Latest Listens (Retro ’80s Soundtrack Special)

Drive (Original Motion
Picture Soundtrack)
drive-soundtrack.jpg

Critics were divided over the film Drive last year, some raving and others hating, but there was one opinion
that was universal: it had the coolest soundtrack in recent memory. Keeping in
tune with its ’80s visual aesthetic, the soundtrack bounces from synths to
dancehall slow-jams at full throttle. The opening track (of the film and album
alike) “Nightcall” blasts through your speakers, effortlessly transporting you
to the more sleazy side of Los Angeles nightlife that the film lives in. “Under
Your Spell” plays out as a touching yet disturbing love ballad (much like the
film itself) and pushes the dancehall rhythms merrily along. The apex of the
album is “A Real Hero,” featuring some of the most earnest lyrics ever sung on
top of a head-thumping bass. Cliff Martinez, a frequent music composer on
Steven Soderbergh films, rounds out the rest of the album with his indelible
score, mixing orchestral grandeur with electronic pulses. I don’t think I have
to drive (pun intended) the point home any further; this soundtrack is
phenomenal.

College feat. Electric Youth – A Real Hero

Take Me Home Tonight
(Original Motion Picture Soundtrack)
Take Me Home Tonight Soundtrack.jpg

When Topher Grace made the film Take Me Home Tonight, he was trying to emulate the sweet and silly
films from the ’80s (for which John Hughes gets all the credit).
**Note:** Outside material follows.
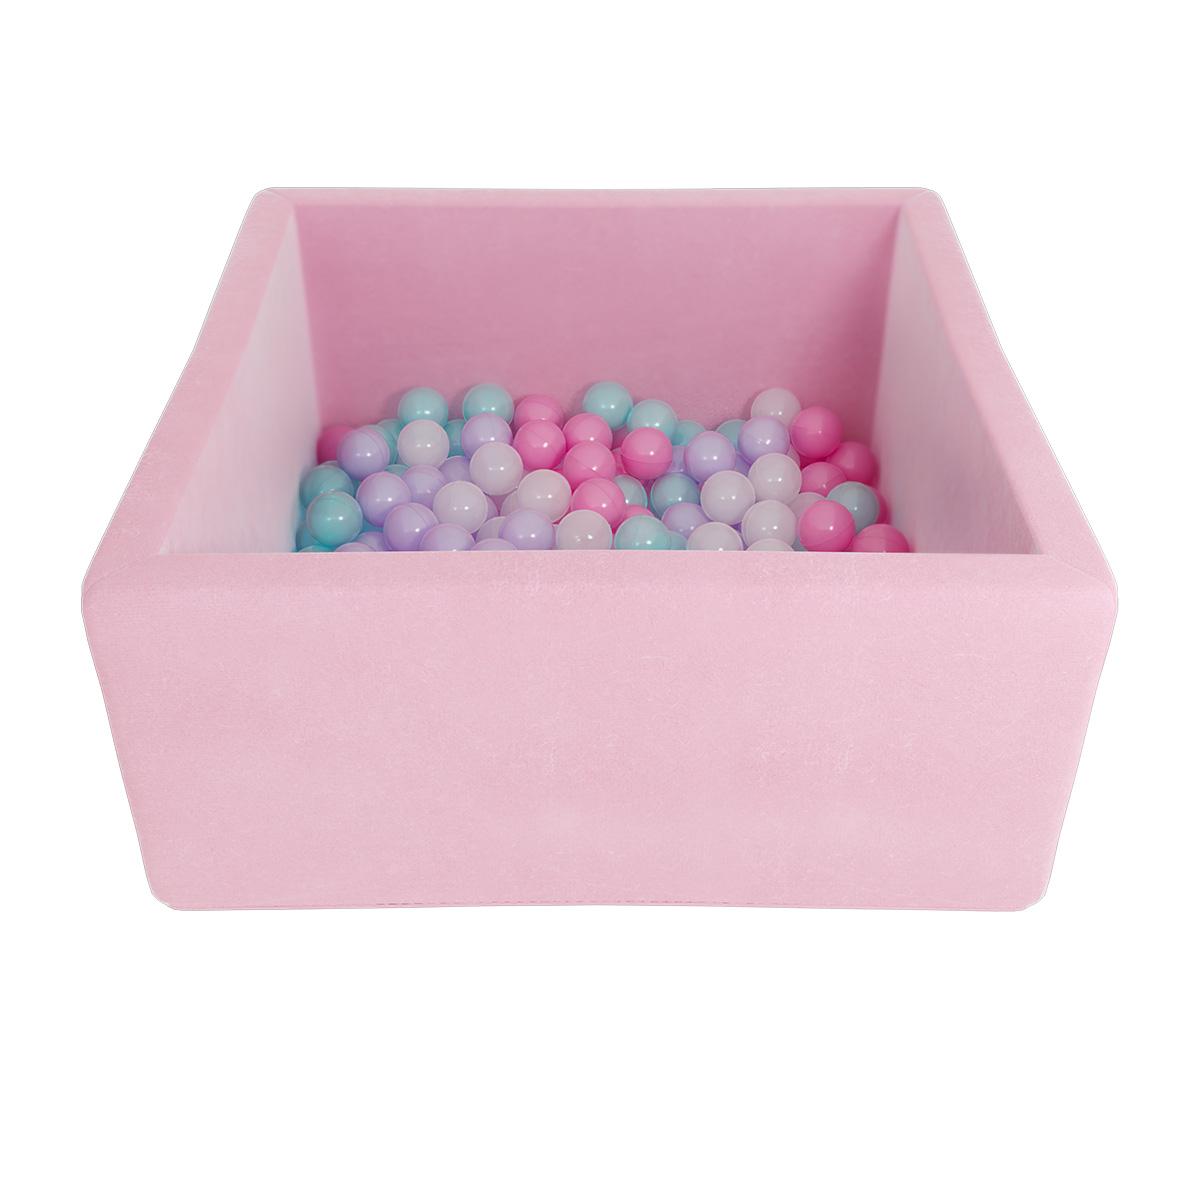 Купить Детский сухой бассейн Romana Airpool Box, розовый, без шариков, Romana (Романа)

Of course, to
make a film seem like it was made in that decade, you have to load its
soundtrack with pure ’80s tunes, for better or for worse. Better than any
actual ’80s album compilations, the soundtrack covers all areas of the decade
in just 12 songs. If you were in high school or college in the ’80s, you will
have no doubt heard these songs from a boom box or two back in the day. Such
hits include: “Video Killed the Radio Star,” “Hungry Like the Wolf,” “Safety Dance,” and what
’80s nostalgia trip would be complete without: “Straight Outta Compton?”